Na sequência da falta do pai, – Maria do Céu tinha 22 anos e o seu irmão 24, – a família alterou a atividade. Continuaram a agricultura sem regadio, porque o pai é que “era o expert”, modificou-se a exploração para a pecuária, bovinos de carne, ovinos de carne e porcos alentejanos. Hoje é a rendeira das herdades, que estão na família há 3 gerações; desde 1928.
“Se na altura tivessem dado ouvidos ao meu pai para desenvolver a atividade agrícola, havia muito mais emprego e muito mais economia que dinamizasse a região do Alentejo ao longo das últimas décadas.”
“Sou filha de alguém que dinamizava e que tinha na sua exploração máquinas, alfaias, farinhas para os animais, adubos e sementes, quando veio o 25 de abril. Com as ocupações foi tudo de razia. Tiraram a quem não fazia nada, mas também tiraram a quem fazia”.
Acontecimentos que “marcaram para sempre” o pai, que ficou “desconfortável para a vida, porque achava que tinha sido uma desonestidade brutal”. Mas mesmo assim, António Salgueiro afirmava, “quem tirou as máquinas não tem culpa, quem tem culpa é quem mandou”.
A Herdade da Amendoeira e a Herdade do Barrocal não perderam terras, foram entregues mais tarde, 2 anos antes da morte de António Salgueiro.
“Quem sabia o carinho que dedicava à sua vida, sabia que ele tinha valor. A seguir às conquistas chegaram as frustrações. Eu senti o meu pai durante algum tempo frustrado, porque teve de se empregar na fábrica do tomate e de pimento. Porque todos sabiam que ele sabia fazer.”

Convívio nos anos 80 na Herdade do Barrocal

António Salgueiro era um agricultor “visionário”, mas que marcava e bem o seu dia a dia: a família, os amigos e quem com ele convivia na área agrícola, reconheciam o seu valor e conhecimento técnico. “Era um homem que tinha a 4a classe, de um valor incrível. Ainda hoje, passados muitos anos do seu desaparecimento, ainda me confidenciam algumas pessoas que o conheceram, muitos homens como o seu pai deviam de aparecer para ajudarem este país”.
A realidade veio provar que o pai “tinha razão”: a água possibilita o regadio, atividade extremamente necessária para haver emprego e dinamizar o Alentejo.

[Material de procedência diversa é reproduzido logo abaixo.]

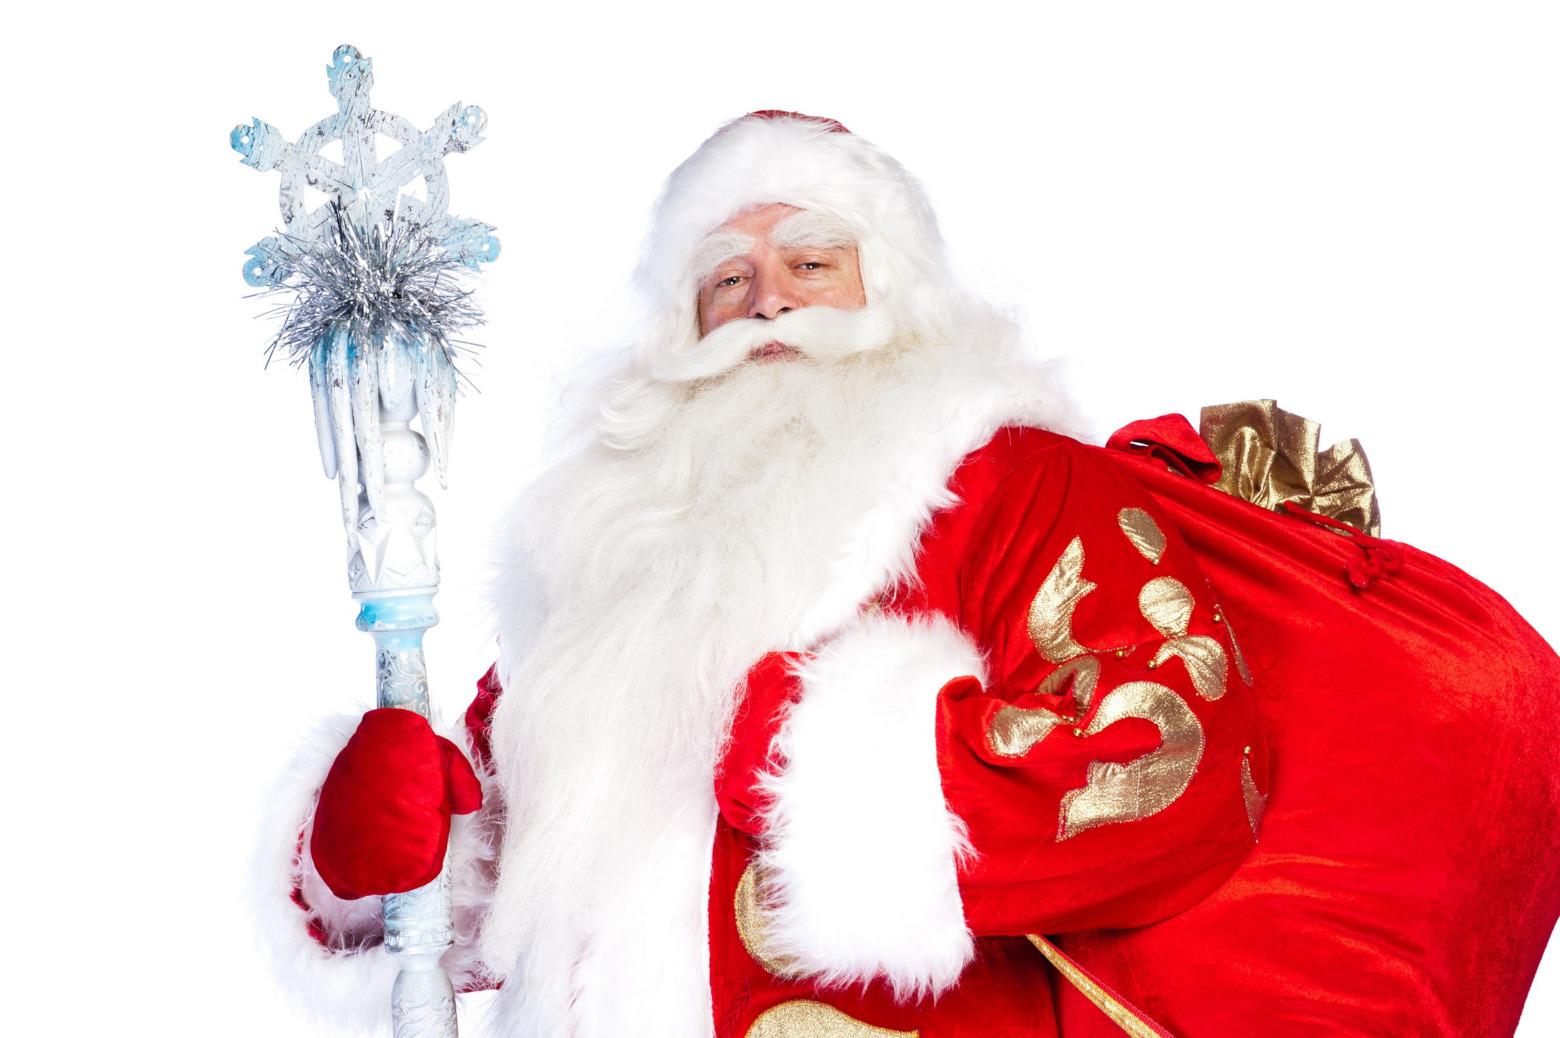 Дед Мороз, волшебная атмосфера и подарки для гостей программы «Новый год 2020 на русский лад» в Германии 31 декабря 2019 года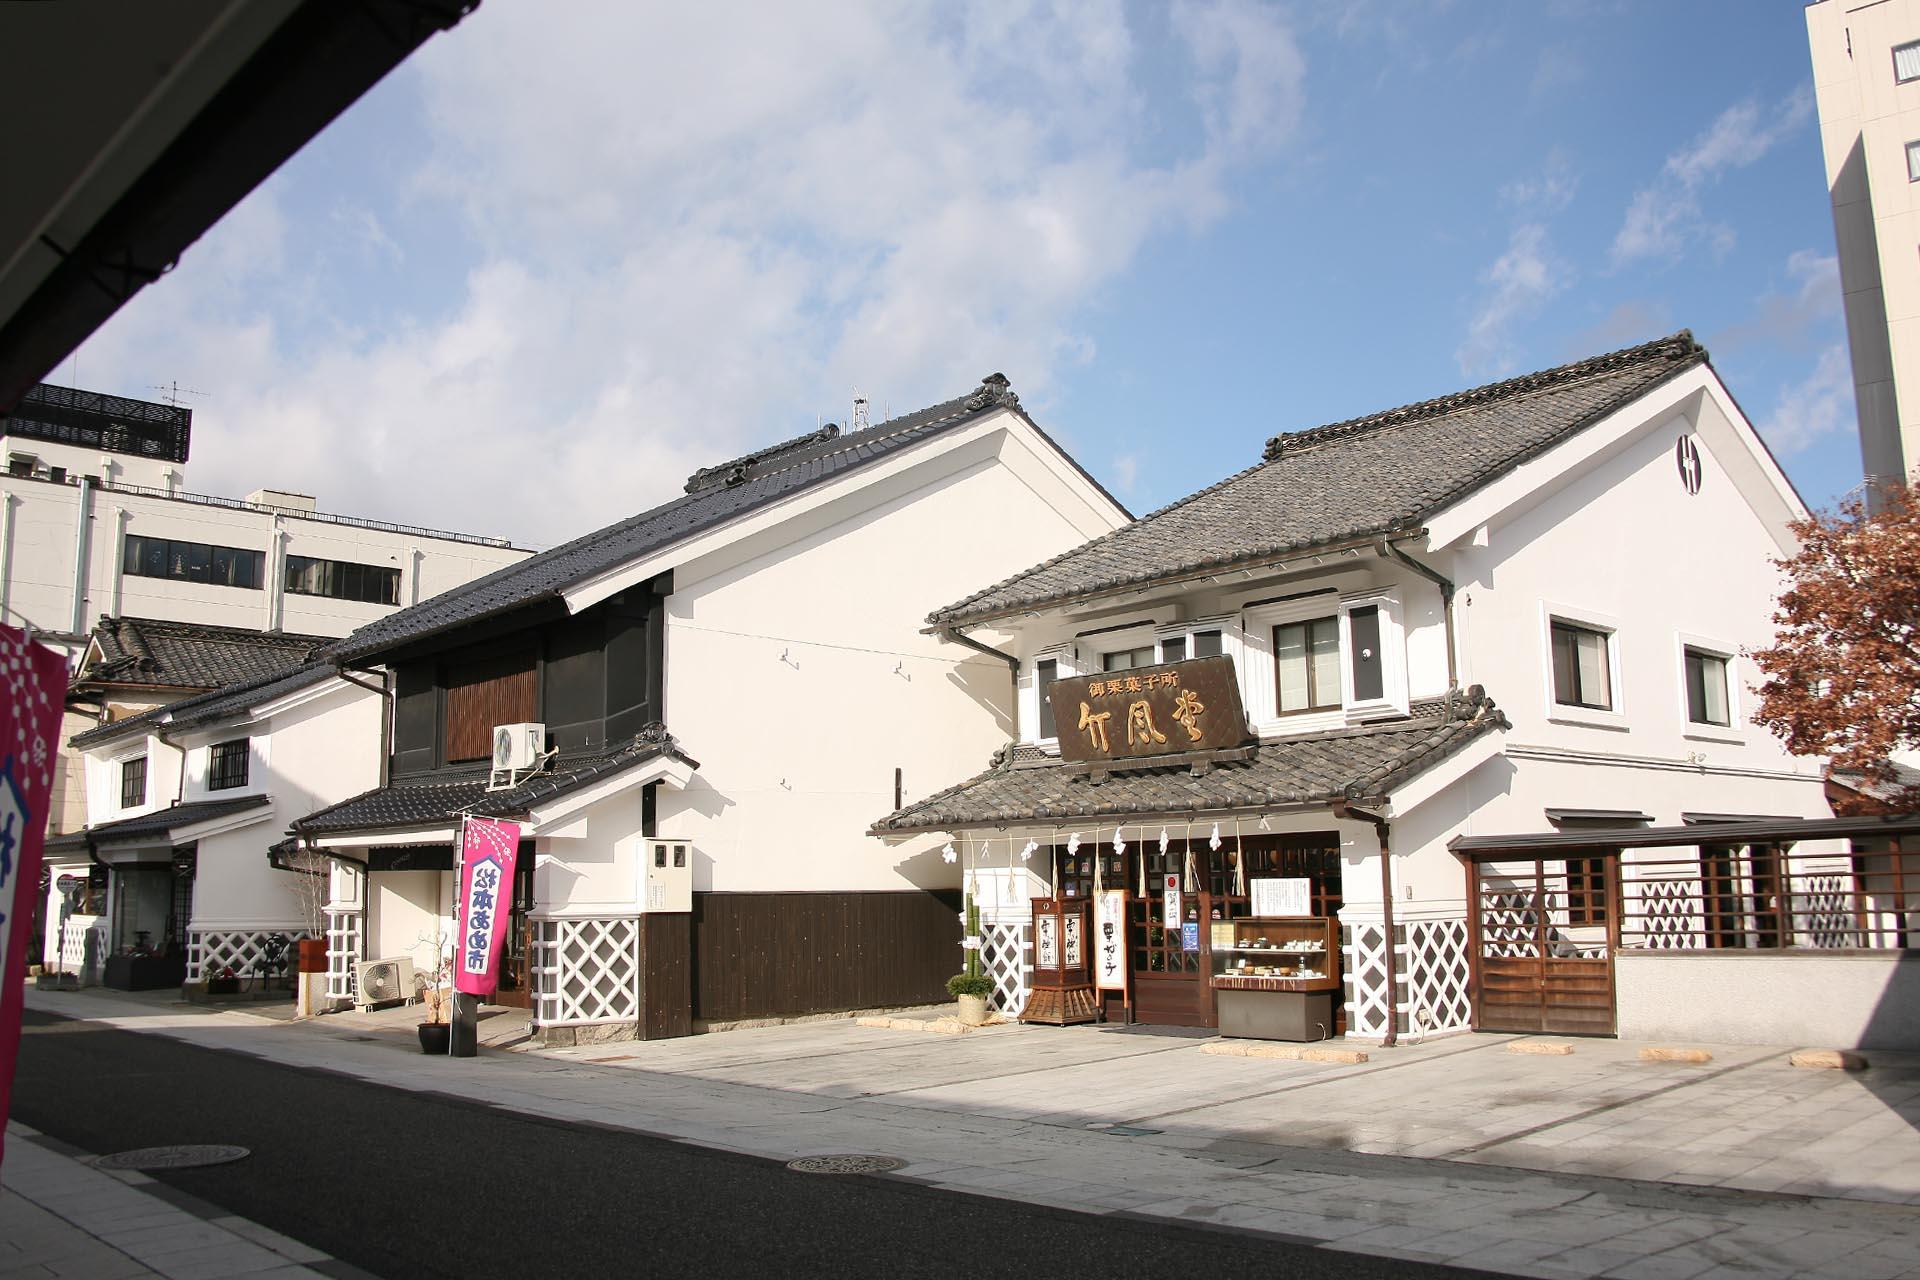 日本の正月風景 松本市「中町通り」の正月の風景 長野の風景

Ainda assim, afirma, “foi bom ter acontecido o 25 de abril, porque a posse da terra tinha de ser alterada. Mas tínhamos de dar valor a quem a trabalhava e dinamizava a região.”
Passados 50 anos reconhece que a agricultura evoluiu, mas deixa críticas à Ministra da Agricultura, que a empresária agrícola diz que “não apoia os agricultores pura e simplesmente porque não ouve a produção. Não ouve aqueles que percebem e têm sensibilidade para sugerir caminhos. Estamos nas mãos de quem não entende o setor agrícola”. Maria do Céu Salgueiro conclui que “temos um país agrícola eternamente adiado”.